Disclaimer: Hermann Hesse, tu és um gênio.
Meu caro Sinclair,
Eu não deveria estar escrevendo esta carta – eu não deveria ainda estar mantendo vínculos com você. Quando Max resolve deixar alguém, mesmo eu tendo conhecido esta pessoa, eu a deixo também. E eu conheço todas as pessoas, Sinclair. Você, suas irmãs, seus pais, seus amigos. Eu acabo tendo que deixar todos vocês, mas não sem antes acolhê-los no meu seio de mãe.
A maioria não toma conhecimento do meu nome, a maioria não se interessa por isso. Eu não sou como Max – eu chamo atenção, de fato, mas não busco por ela nem escolho ninguém. Eu não procuro a marca nas pessoas, Sinclair, espero que entenda isso. Ouça-me, Sinclair, e me deixe falar um pouco sobre o amor.
Max te ama – Max ama todos os discípulos, mas acho que gosta mais de você. E eu me envergonho por dizer que eu também gosto mais de você, mais do que todas as pessoas que eu já conversei no mundo. E eu já conversei com todas, mesmo que elas não tenham consciência disso. O amor é inconsciente, Sinclair. E eu transbordo de amor por todos os lados, eu abraço todos vocês.
Mas foi tão fácil para mim, revelar meu nome para você tão rapidamente! O amor acontece quando você menos espera. O meu fluiu até você naturalmente demais. Como uma folha de outono caindo calmamente em direção ao chão.
Eu o amo, Sinclair, e gostaria de ter me despedido da forma certa. E de ter aceitado seu amor quando deveria, mesmo sabendo ser só um devaneio adolescente... tantos discípulos de Max já se apaixonaram por mim! Senti receio de te encontrar. Mas quando te vi, mesmo você tendo se apaixonado por mim como todos os outros, eu te amei. Espero que entenda isso e me perdoe por nunca ter ficado tão próxima a você – mas também nunca fiquei tão distante.

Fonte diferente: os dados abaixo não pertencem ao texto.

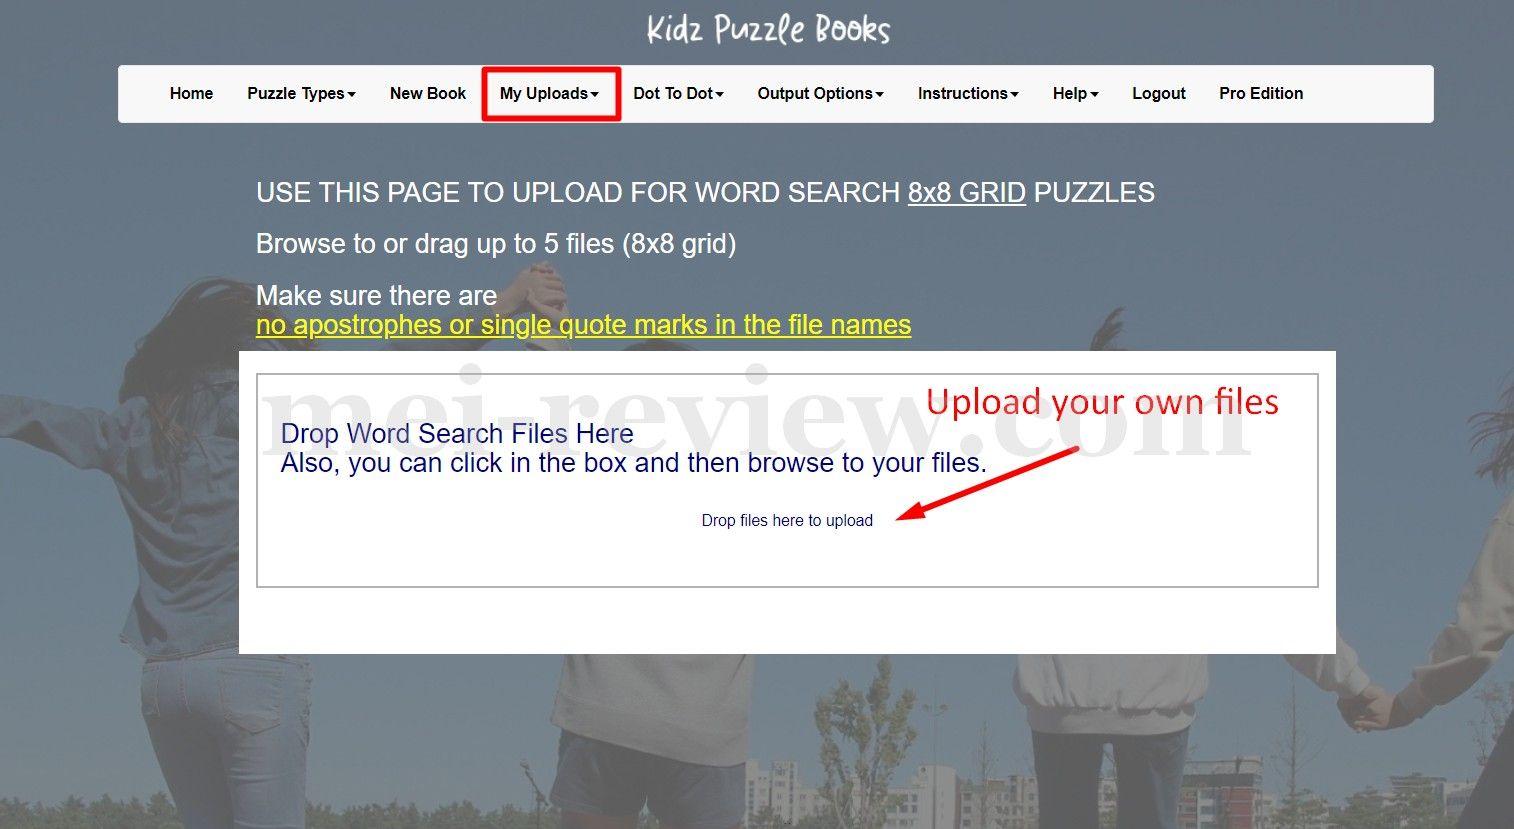 Kidz-Puzzle-Books-uploads

O amor, Sinclair... o meu amor engloba todo o mundo. Max é a luta e suas feridas, eu sou as conseqüências e as curas. O meu amor engloba todo o mundo, e todos os mundos. Cada pessoa tem um modo particular de amar; e eu amo Max, eu amo você, amo Adão, amo Franz Kromer, amo Abraxas. Amo a todos. E todos me amam.
O amor, Sinclair
Mas ela parou e encarou o papel. Suspirou.
— Outra carta que não irá mandar, Eva? — Demian sorriu. — Elas estão acumulando em sua gaveta.
— Não convém mandá-la, Max — Eva respondeu, abrindo a gaveta e colocando a carta no topo de uma pilha. Não se podia ver, mas ela sabia que todas as cartas começavam com meu caro Sinclair. — Ele ainda se lembra de nós, certamente, mas deve ter uma vida completamente diferente.
Eva levantou-se da mesa e Demian a seguiu com o olhar, enquanto ela ia até a lareira. Demian suspirou.
— Feche os olhos, Eva.
Ela riu: — Queres me dar meu próprio beijo, Max? Ou ensinar-me as coisas que já aprendi há milênios?
— Longe disso. Só quero que você se concentre em Sinclair. Ele te amou tanto, Eva. Acho que merece isso.
Eva suspirou e fechou os olhos. Novamente, Demian tinha razão. Sinclair, Sinclair, Sinclair, Sinclair...
X
Sinclair despertou subitamente, com o coração palpitando. Ele sabia. Ele sentia. A mão suada espalmada no peito subiu até tocar os próprios lábios – eles formigavam, queimavam. E Sinclair soube e sorriu. Porque ele sabia daquilo desde sempre, estava adormecido em seu interior. Um dia, tornar-se-ia real. Sinclair sorriu e pensou em Eva com intensidade, mais intensidade do que já tinha feito na primeira vez, quando era tão jovem e tolo.
Nos seus lábios, no seu corpo, na sua mente e na sua alma sentia o formigante beijo de Eva.
N/A: Porque Eva/Sinclair também é digno, gente.